(Items from a data source)
------------------------------
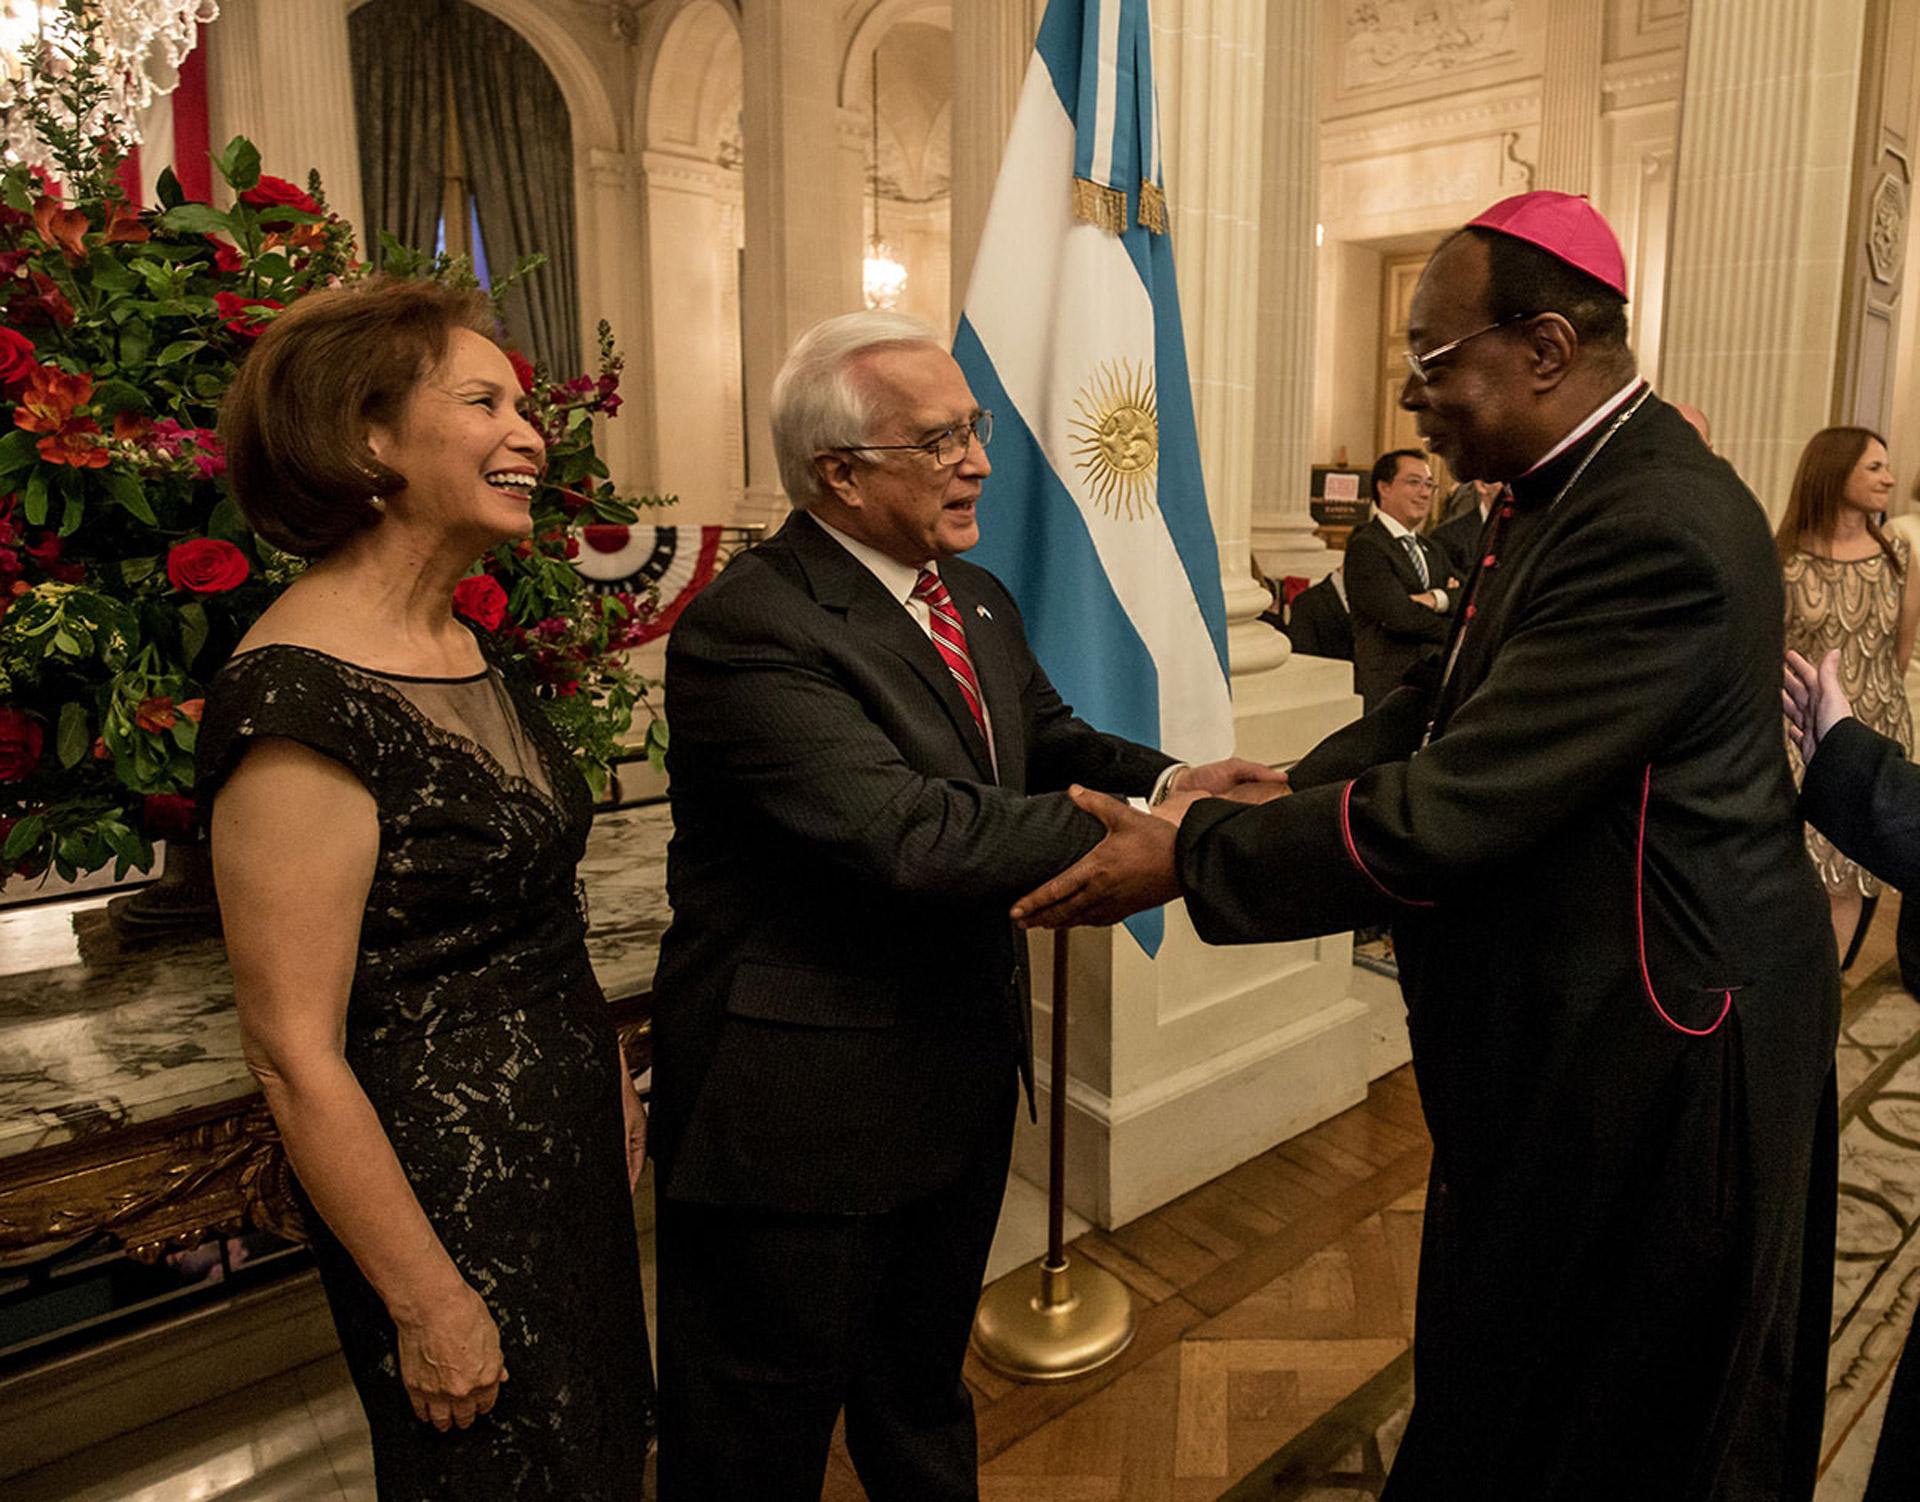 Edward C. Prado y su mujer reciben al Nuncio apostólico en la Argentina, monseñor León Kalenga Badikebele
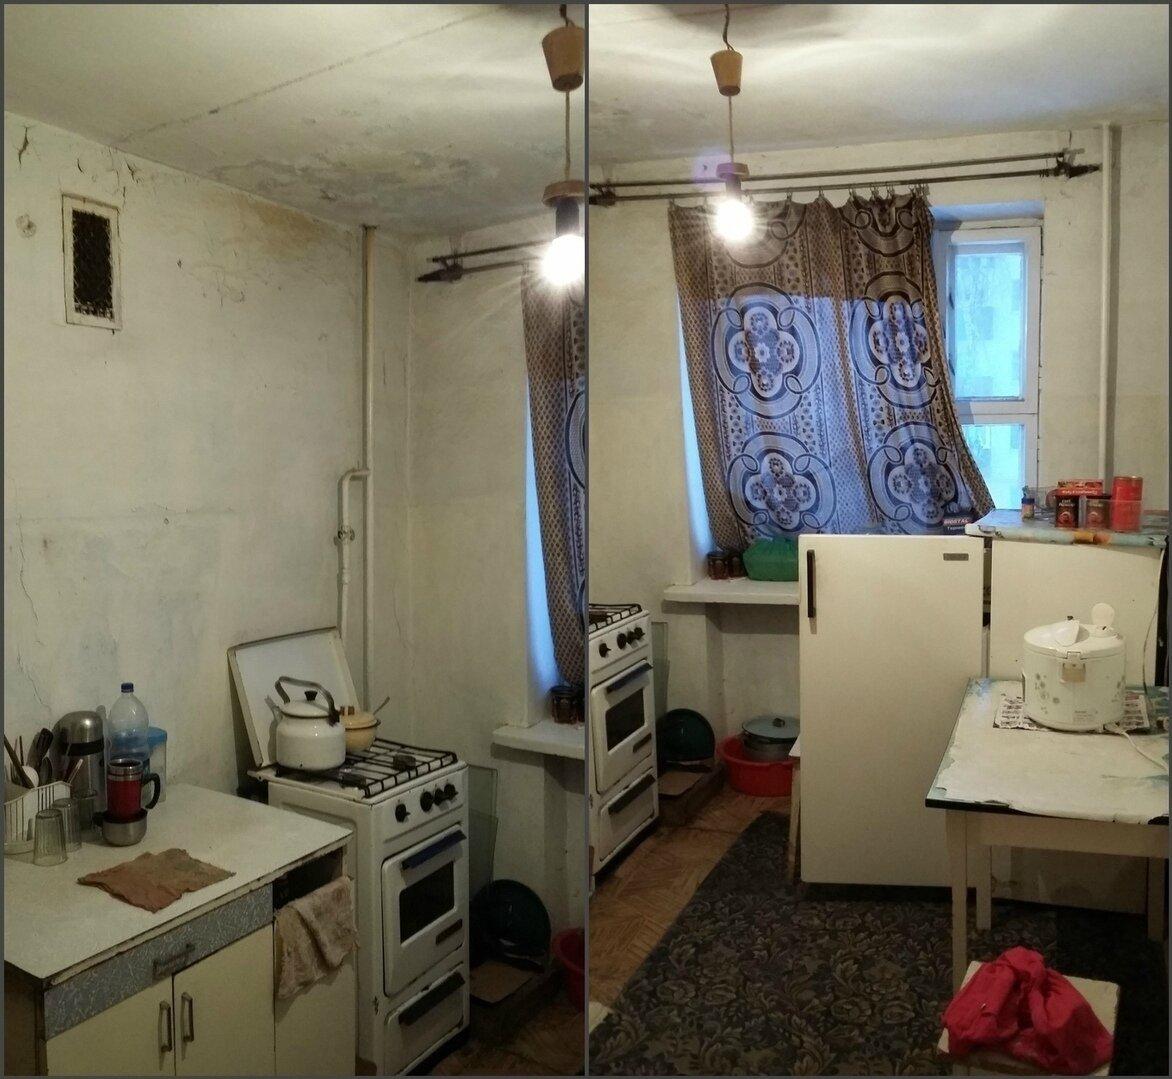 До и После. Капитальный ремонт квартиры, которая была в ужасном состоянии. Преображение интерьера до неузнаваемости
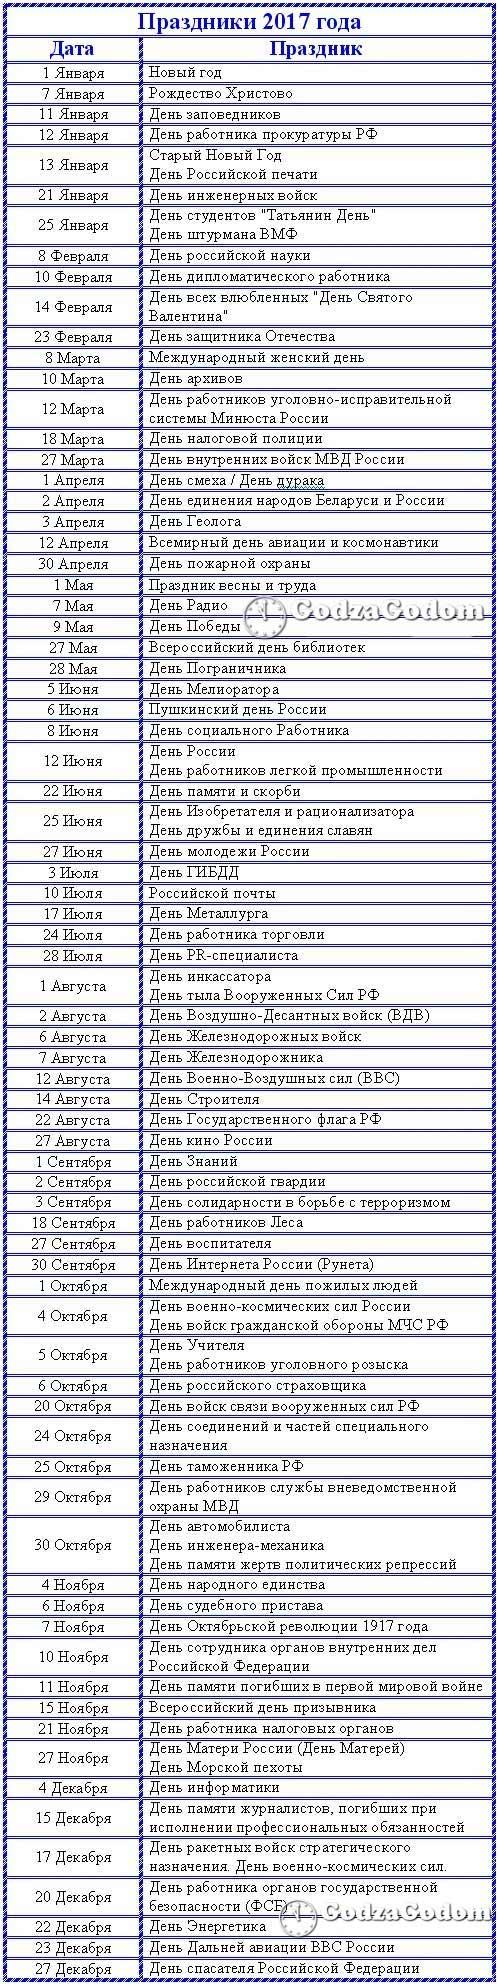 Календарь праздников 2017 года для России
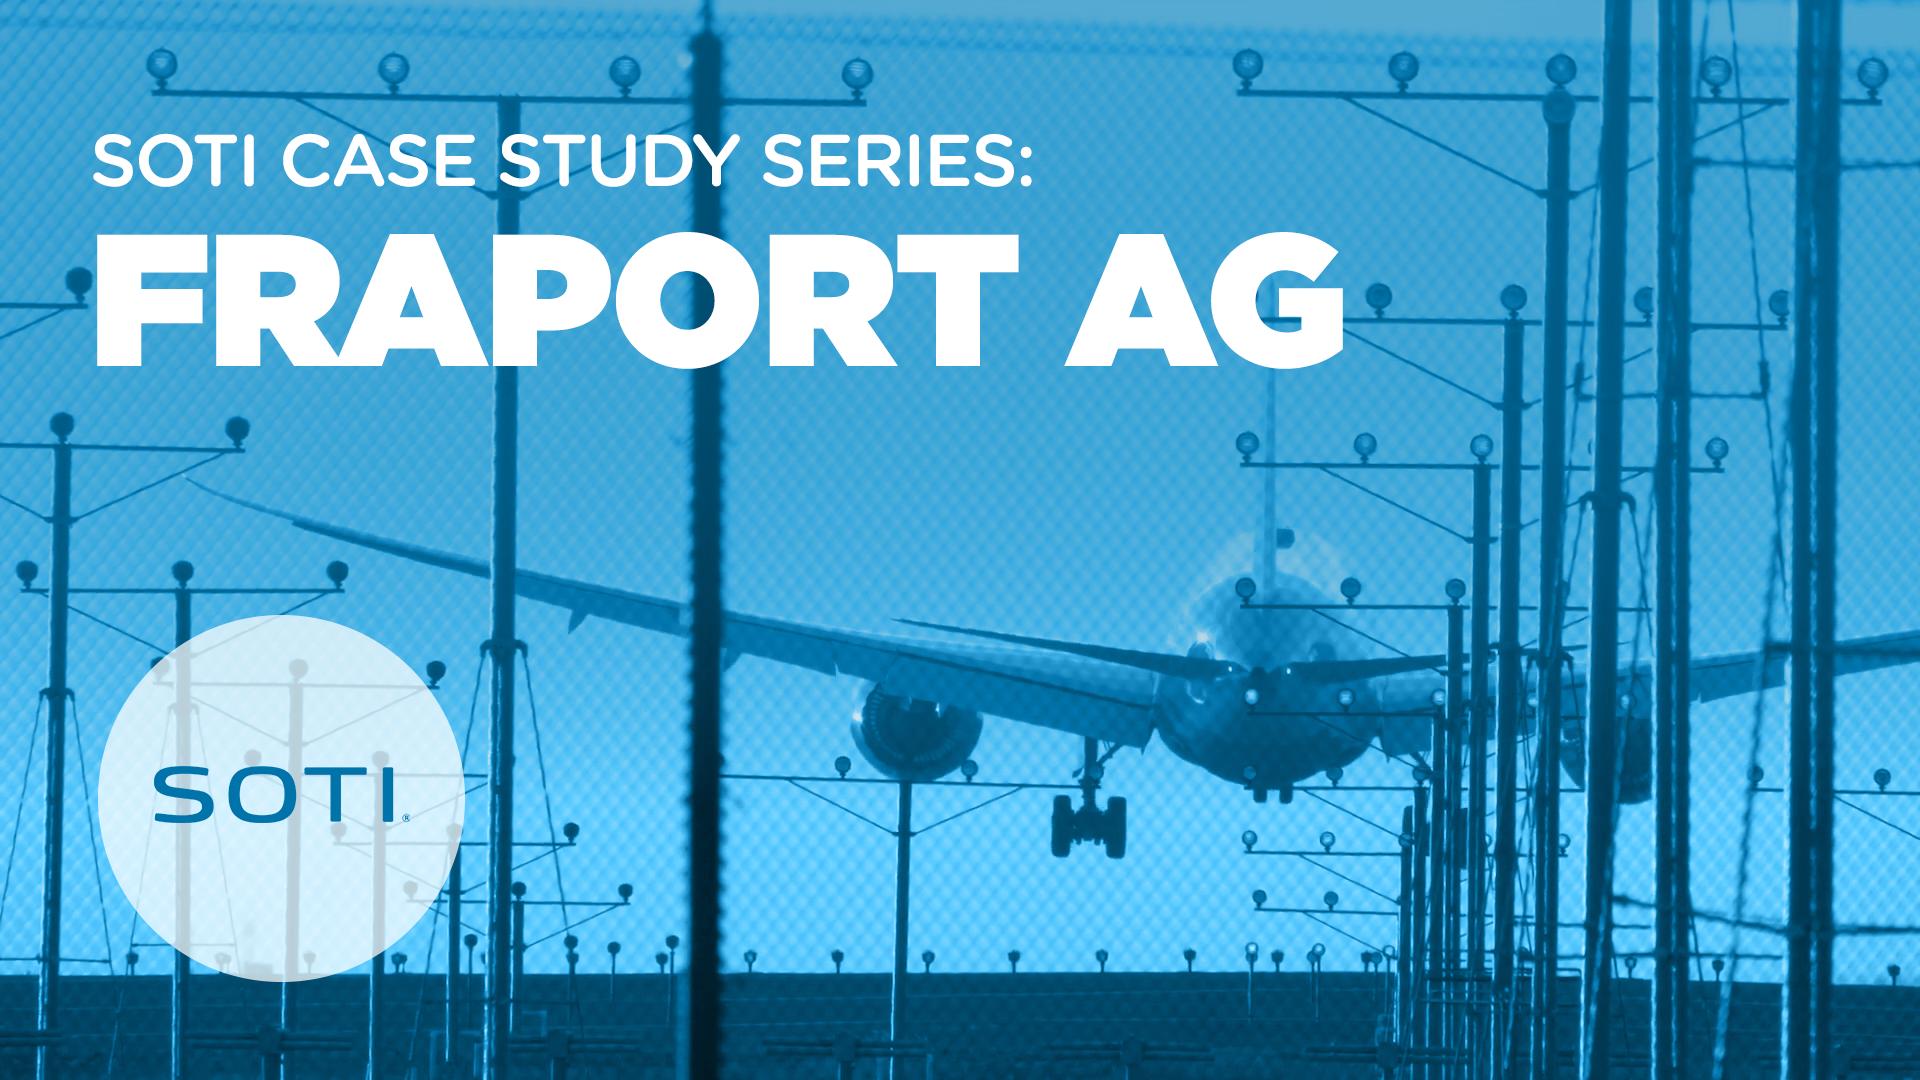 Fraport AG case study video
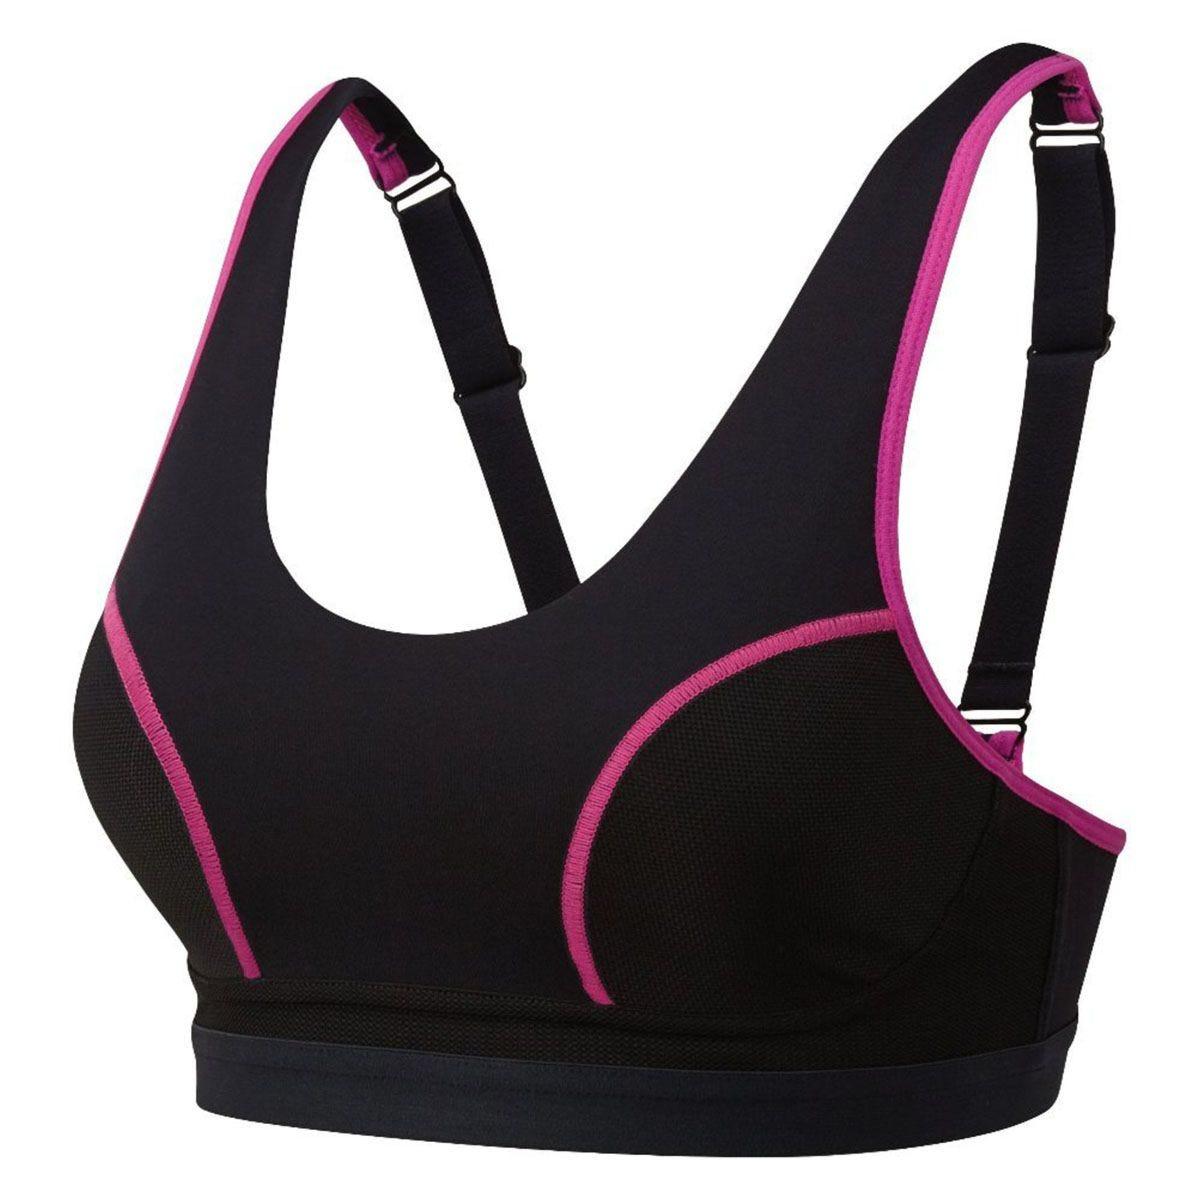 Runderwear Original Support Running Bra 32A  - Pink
------------------------------
## Your goal
Reproduce every record above word for word. Leave the pictures out.

## Output of the exercise
 Edward C. Prado y su mujer reciben al Nuncio apostólico en la Argentina, monseñor León Kalenga Badikebele
 До и После. Капитальный ремонт квартиры, которая была в ужасном состоянии. Преображение интерьера до неузнаваемости
 Календарь праздников 2017 года для России
 Fraport AG case study video
 Runderwear Original Support Running Bra 32A  - Pink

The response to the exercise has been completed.